**Supplied information:**
§ §

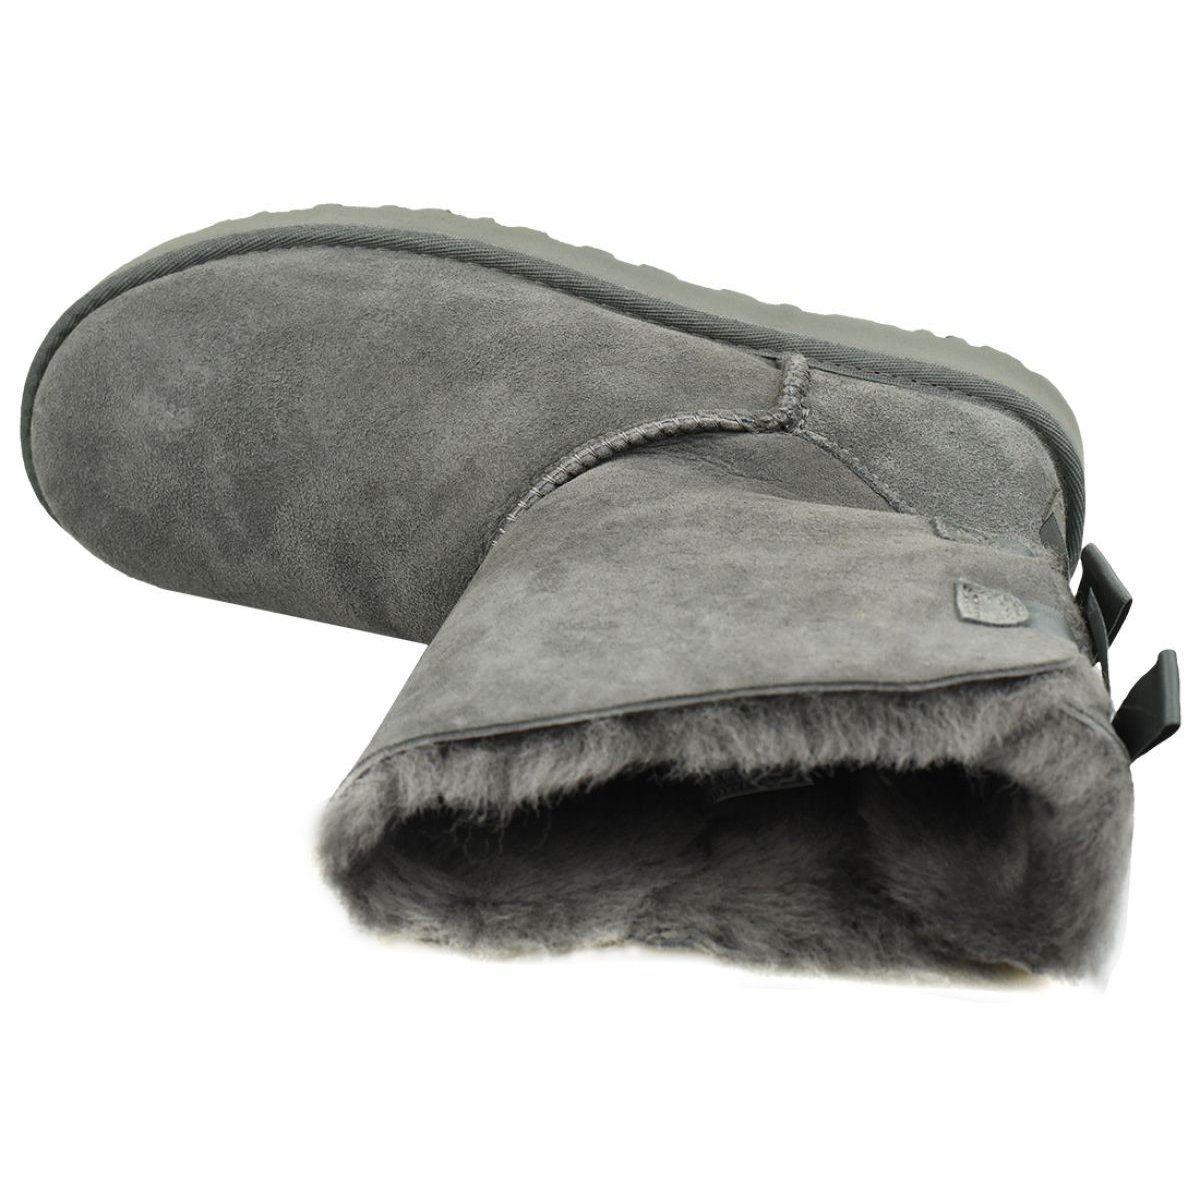 Sniegowce Z Wywijana Cholewka Szare Ugg Boots Boots Slide Slipper
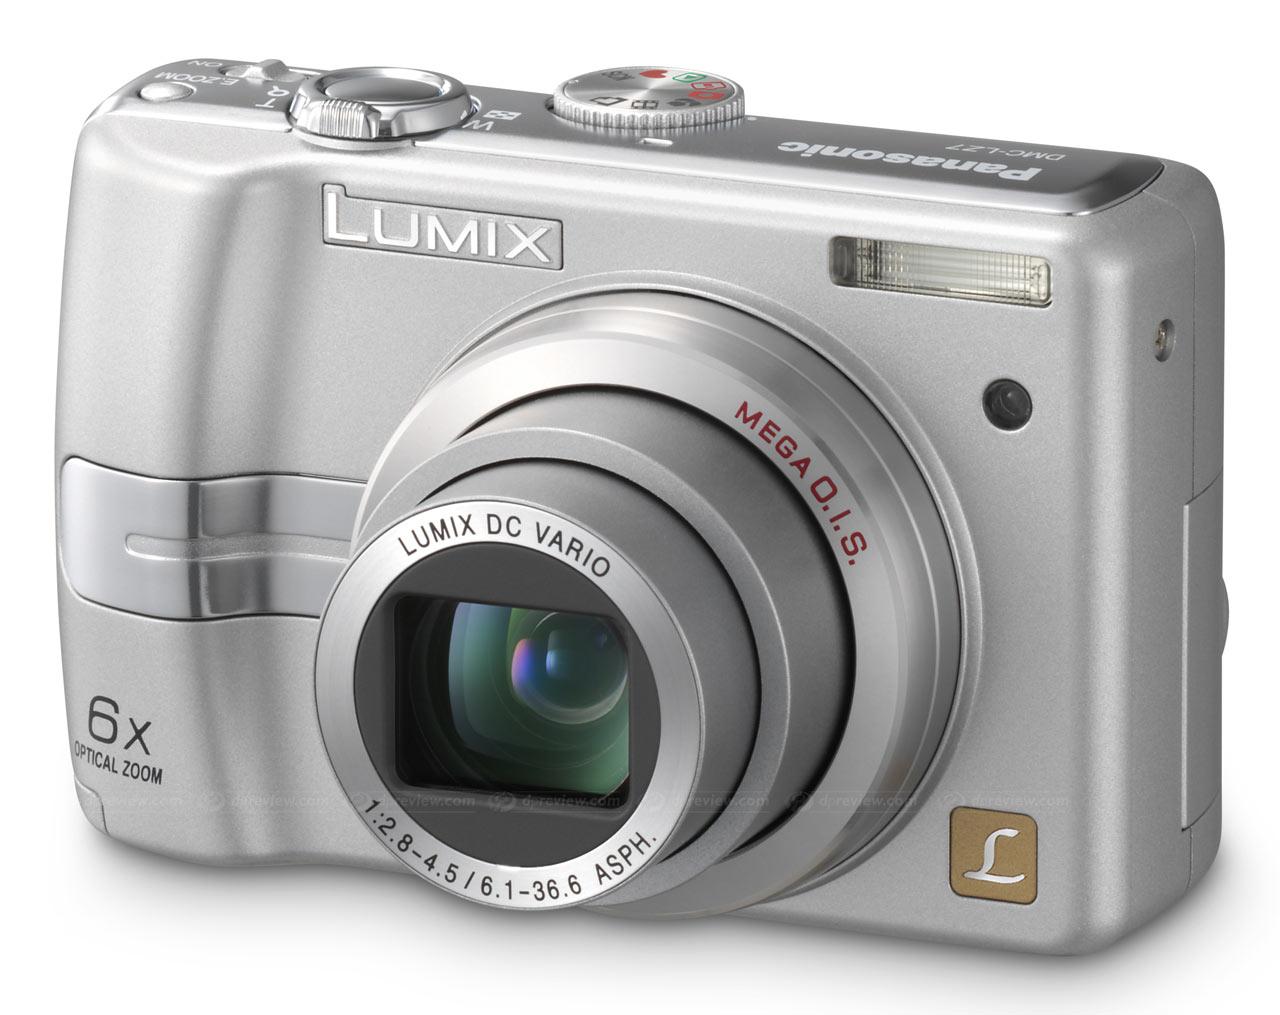 panasonic lumix dmc lz6 dmc lz7 digital photography review rh dpreview com Panasonic Lumix DMC FZ30 Software Panasonic Lumix GH3
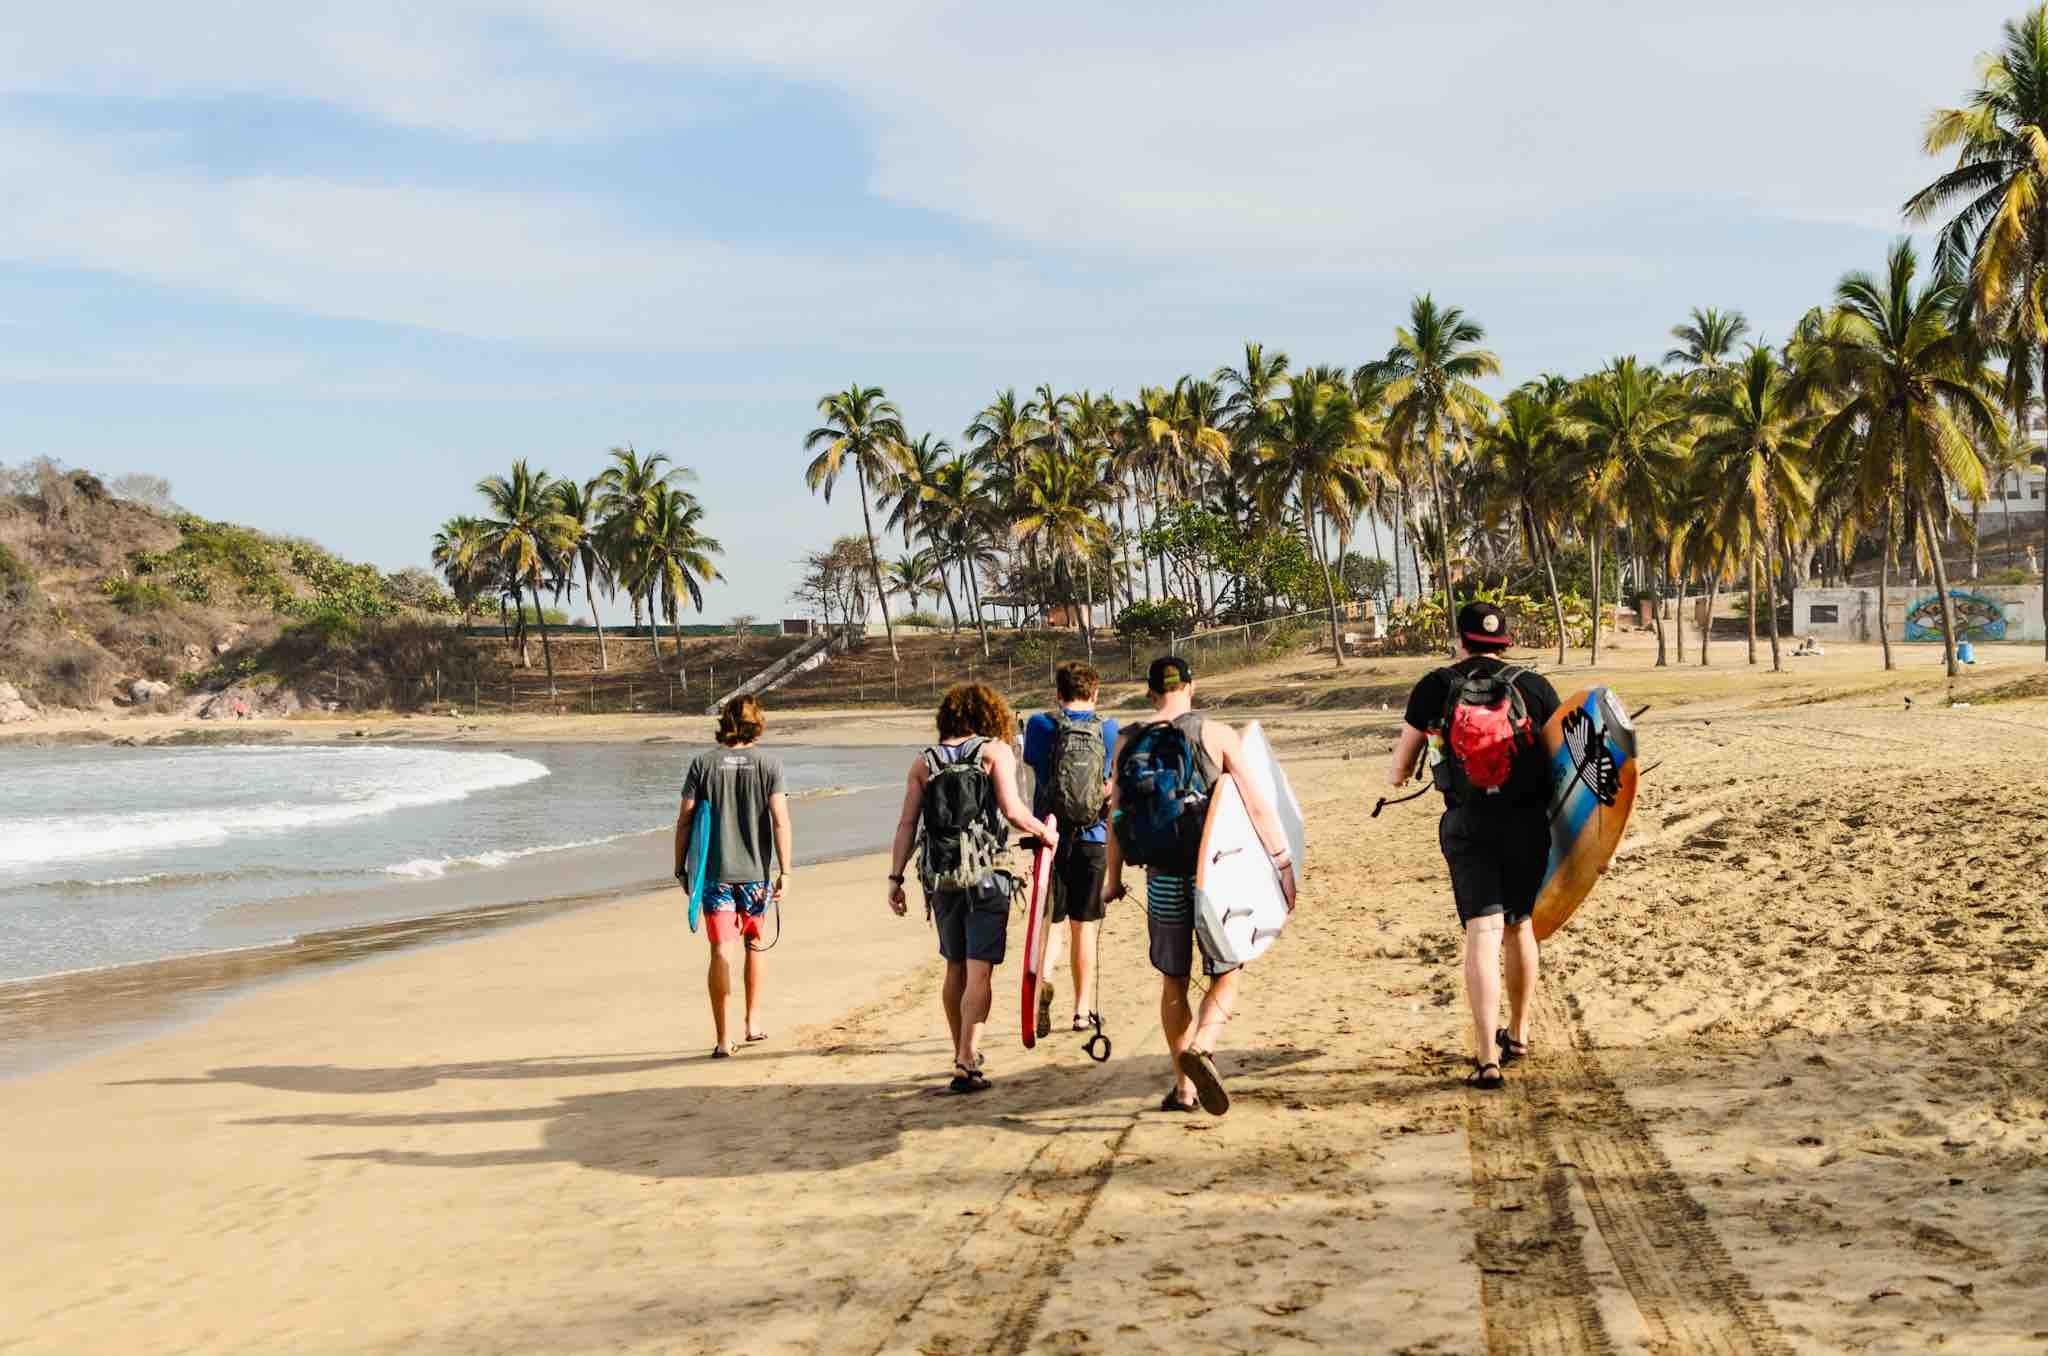 YWAM surfer missionaries walking down the beach in Mazatlan, Mexico

§ §

**What to do:**
Write the listing out a second time exactly, dropping all images.

**Your response:**
 Sniegowce Z Wywijana Cholewka Szare Ugg Boots Boots Slide Slipper
 panasonic lumix dmc lz6 dmc lz7 digital photography review rh dpreview com Panasonic Lumix DMC FZ30 Software Panasonic Lumix GH3
 YWAM surfer missionaries walking down the beach in Mazatlan, Mexico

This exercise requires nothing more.